US 2004/0112921A1 published on 17.06.2004 (in the name of the same
applicant as the two aforestated Japanese patent applications)
illustrates a device comprising a container and a deformable bag
such as that of the two Japanese patent applications, and in which
a manually operable pump is mounted by means of a ring cap having a
thread which engages and screws onto a corresponding screw thread
projecting from the surface of the container neck. The pump is
maintained pressed by the ring cap (screwed onto the container
neck) to seal against the flange projecting from the bag mouth,
passages being provided enabling air to pass from the outside to
the space between the bag and container to enable the bag to
gradually shrink onto itself as the quantity of fluid substance
dispensed by the pump increases. Devices totally similar (and hence
not requiring further comment) to that of US2004/011292A1 are
described in DE 770772 U1 and NL 1 021 710 C2.

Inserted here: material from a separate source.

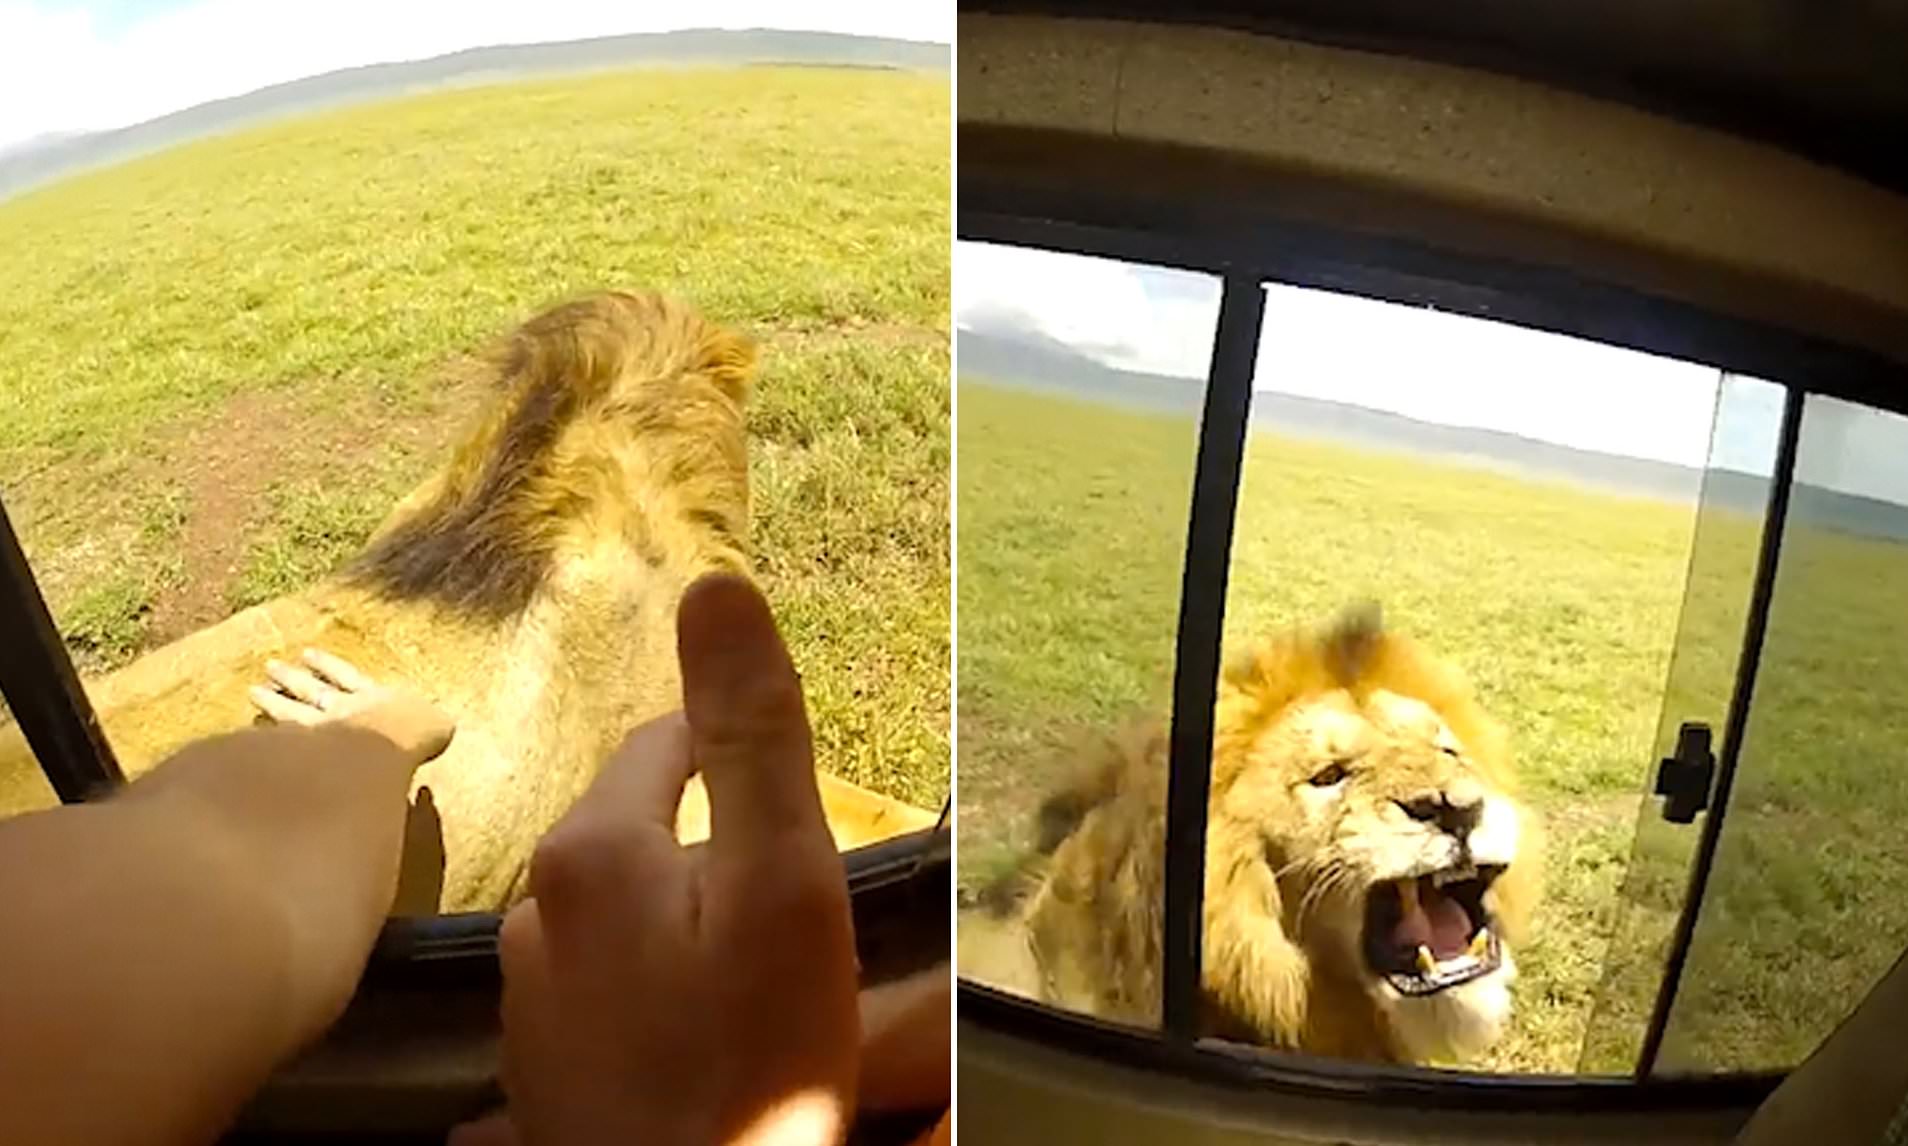 What if a lion jumps on our car?
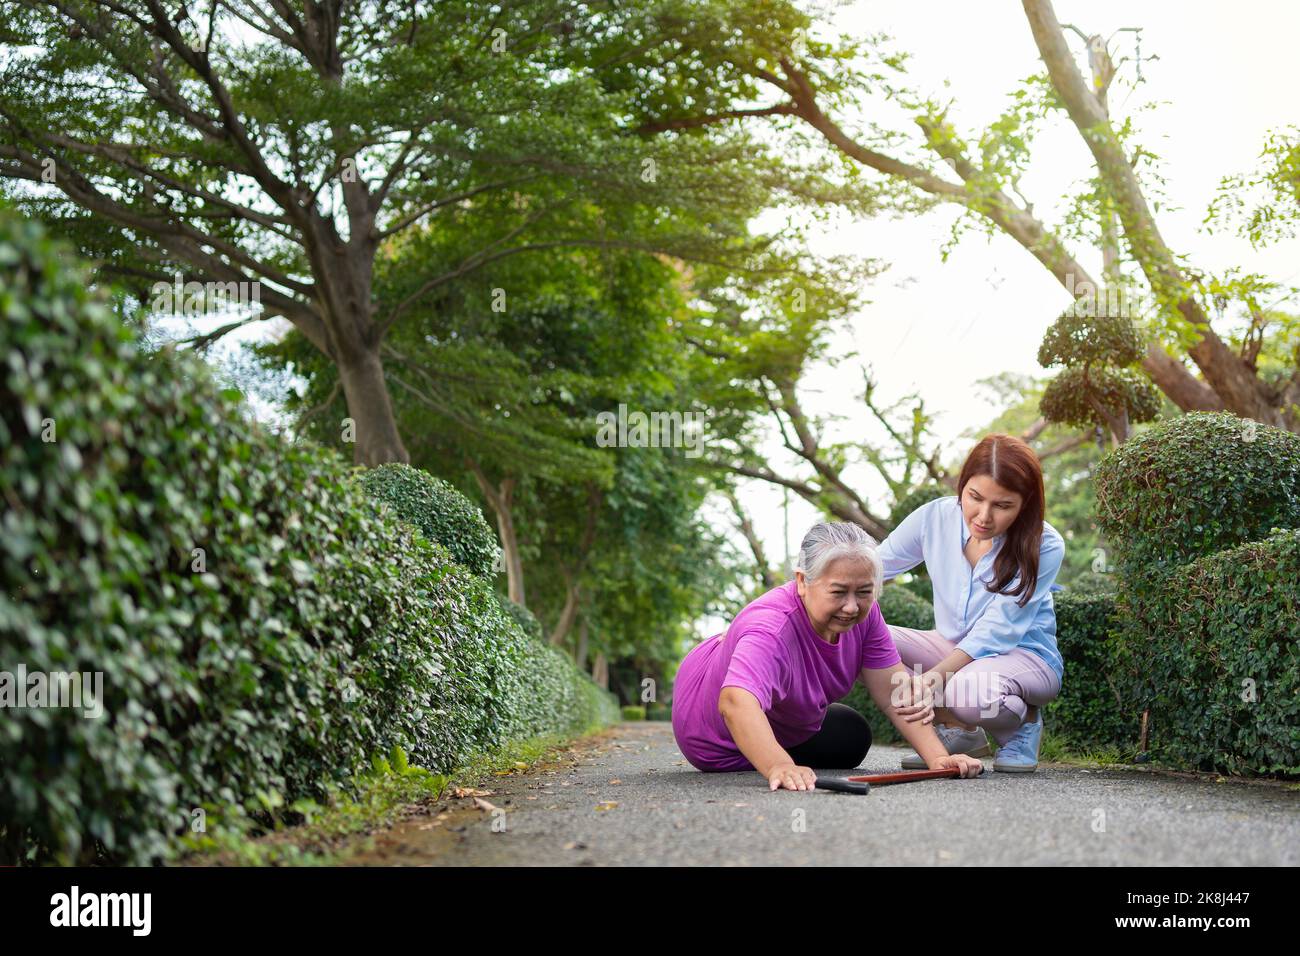 Asian senior woman fell down on lying floor because faint and limb weakness and Crying in pain form accident and her daughter came to help support. Co Stock Photo

In all these devices, when (on termination of fluid substance
dispensing from the respective bags) the ring cap retaining the
pump on the neck of the deformable bag is unscrewed from the spiral
rib of the neck of the respective container and the pump is
removed, the deformable bag remains retained inside the container.
This constitutes a problem because national laws regarding
environmental protection require the deformable to bag (made of
thermoplastic material or the like) to be disposed of separately
from the container (which can be of glass or other rigid material
suitable for the purpose). In the known devices described in the
aforestated prior patents, it is not however possible to easily
extract the deformable bag from the container, when fluid substance
dispensing has terminated.
The main object of the present invention is therefore to provide a
device of the stated type in which the respective deformable bag
remains securely and automatically connected to the dispensing pump
when the pump is coupled to the container neck, to hence cause the
bag to be extracted from the container at the same moment as that
in which the pump is removed from the container.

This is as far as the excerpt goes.